Моросящий дождик прекратился. Аугусто закрыл зонтик и уложил его в чехол. Он подошел к скамейке и, пощупав ее, обнаружил, что она влажная. Тогда он вынул газету, расстелил ее на скамейке и сел. Затем вынул записную книжку и встряхнул авторучкой. «Очень полезная штука, — сказал он, — иначе пришлось бы записать имя этой сеньориты карандашом, и оно могло бы стереться. Сотрется ли ее образ в моей памяти? Но как она выглядит? Как выглядит прелестная Эухения? Я могу припомнить только глаза… Эти чудные глаза как будто меня пронзили… Пока я предавался лирическим рассуждениям, чей-то мягкий взгляд притягивал мое сердце. Посмотрим! Эухения Доминго, да, Доминго дель Арко. Доминго? Никак не привыкну, что она зовется Доминго… Нет, придется заставить ее переменить фамилию, пусть зовется Доминга. Ну, а как же наши мальчики, им придется носить вторую фамилию Доминга? Моя-то противная фамилия Перес уберется, сократится до одного П., и, значит, нашему первенцу придется отзываться на имя Аугусто П. Доминга? Но куда ты занесла меня, безумная фантазия?» И он записал в своей книжечке: Эухения Доминго дель Арко. Проспект Аламеда, 58. Выше этой записи были две стихотворные строчки:

Печалью веет от постели И радостью от колыбели…

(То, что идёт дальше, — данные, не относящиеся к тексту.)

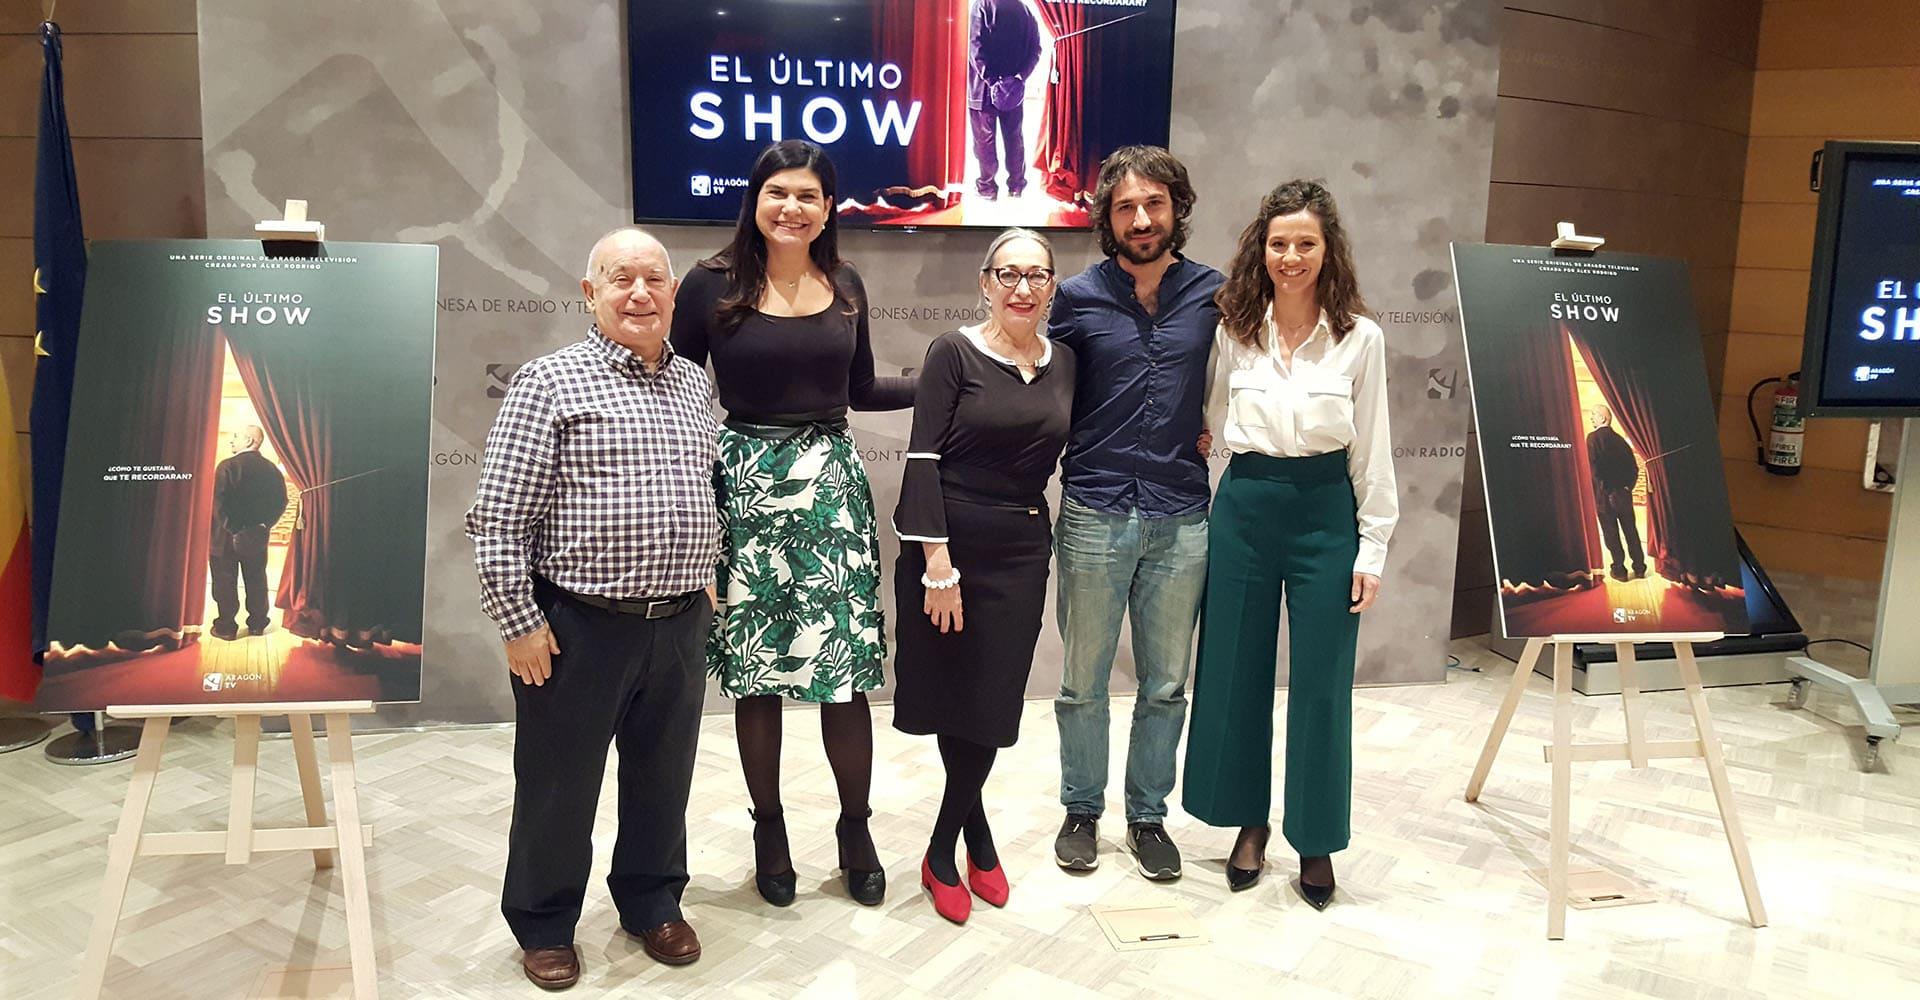 El Último Show presentación Aragón Televisión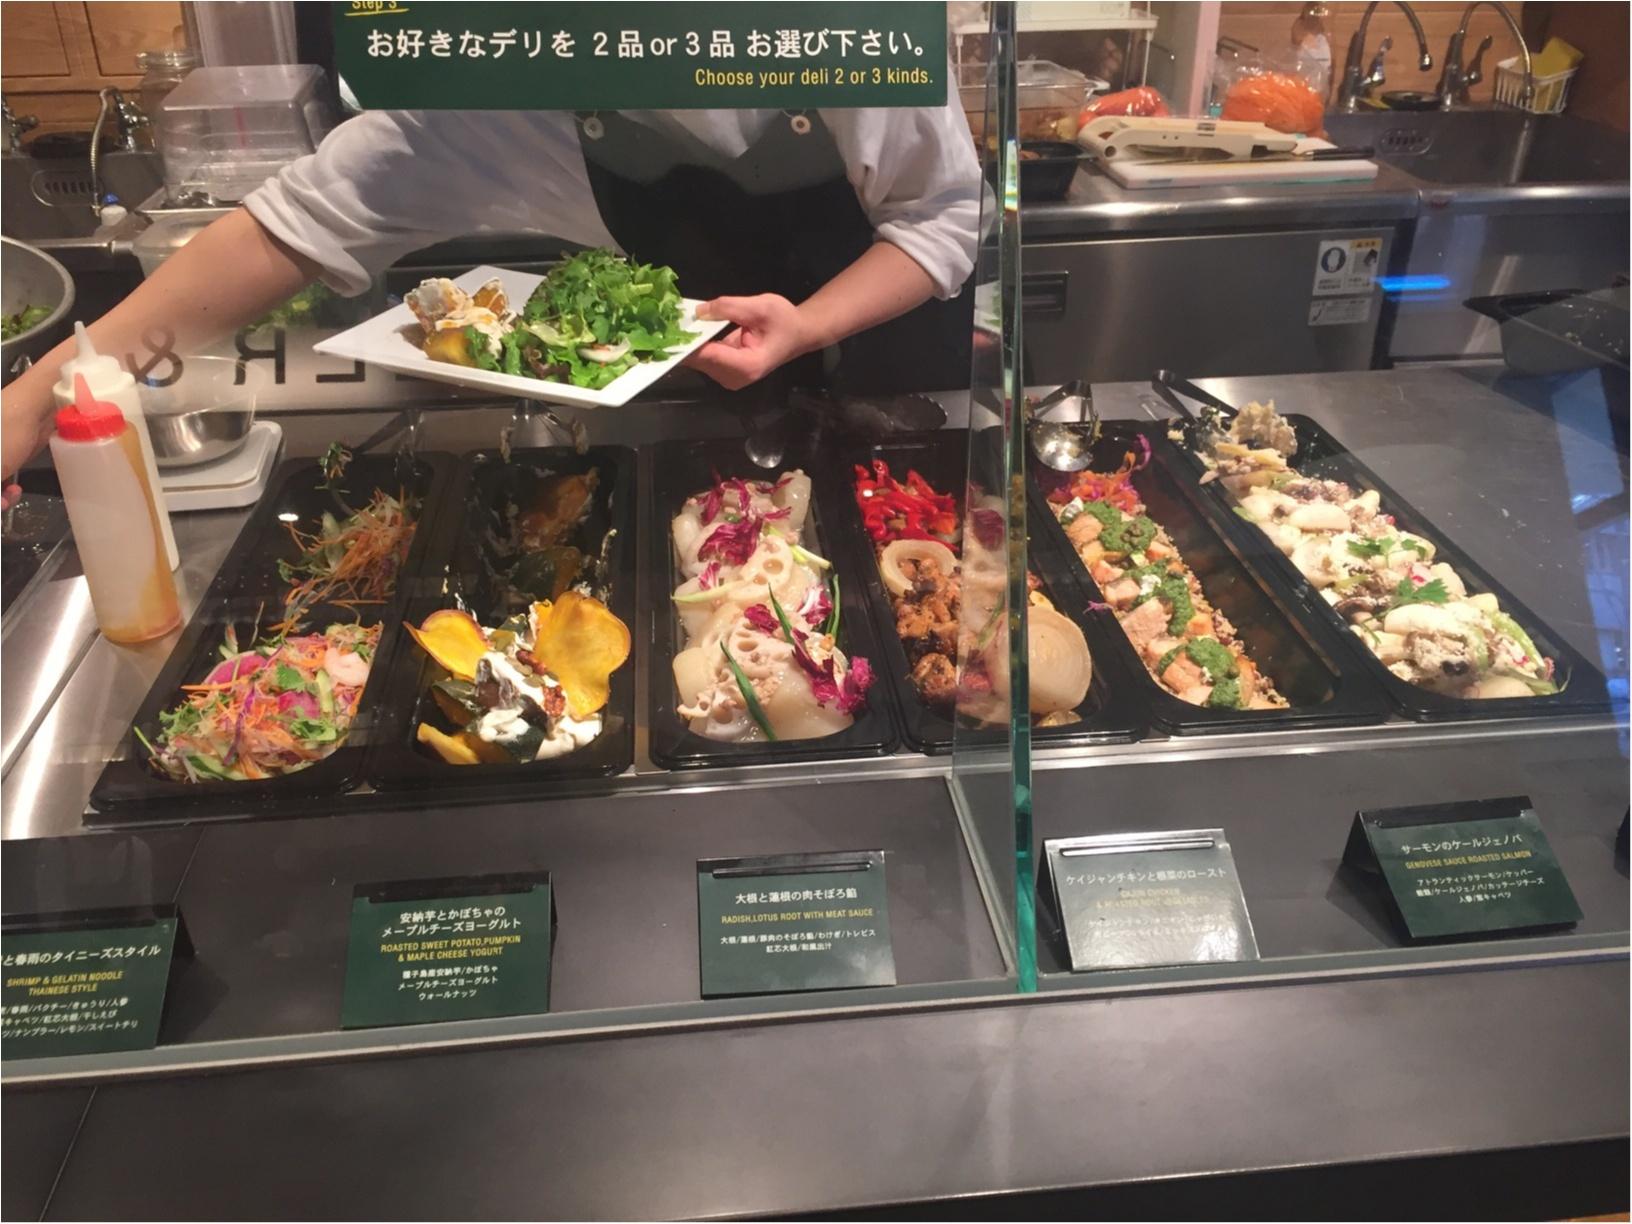 NYスタイルのお洒落なフードホール『EBISU FOOD HALL』が恵比寿にOpen✨≪samenyan≫_13

«Ну вот, — сказал себе Аугусто, — эта Эухения, учительница музыки, перебила мне великолепное начало трансцендентального лирического стихотворения. Оно осталось незаконченным. Незаконченным? Да, в событиях, в превратностях судьбы мы лишь находим пищу для присущих нам грусти или веселья. Один и тот же случай можно считать грустным или веселым, все зависит от врожденной предрасположенности. А Эухения? Я должен написать ей, но не здесь, а дома. А может, пойти в казино? Нет, домой, домой. Для таких вещей дом, очаг. Очаг? Мой дом — это не очаг. Очаг… Очаг… Нет, пепелище. О, моя Эухения!».

И Аугусто вернулся домой.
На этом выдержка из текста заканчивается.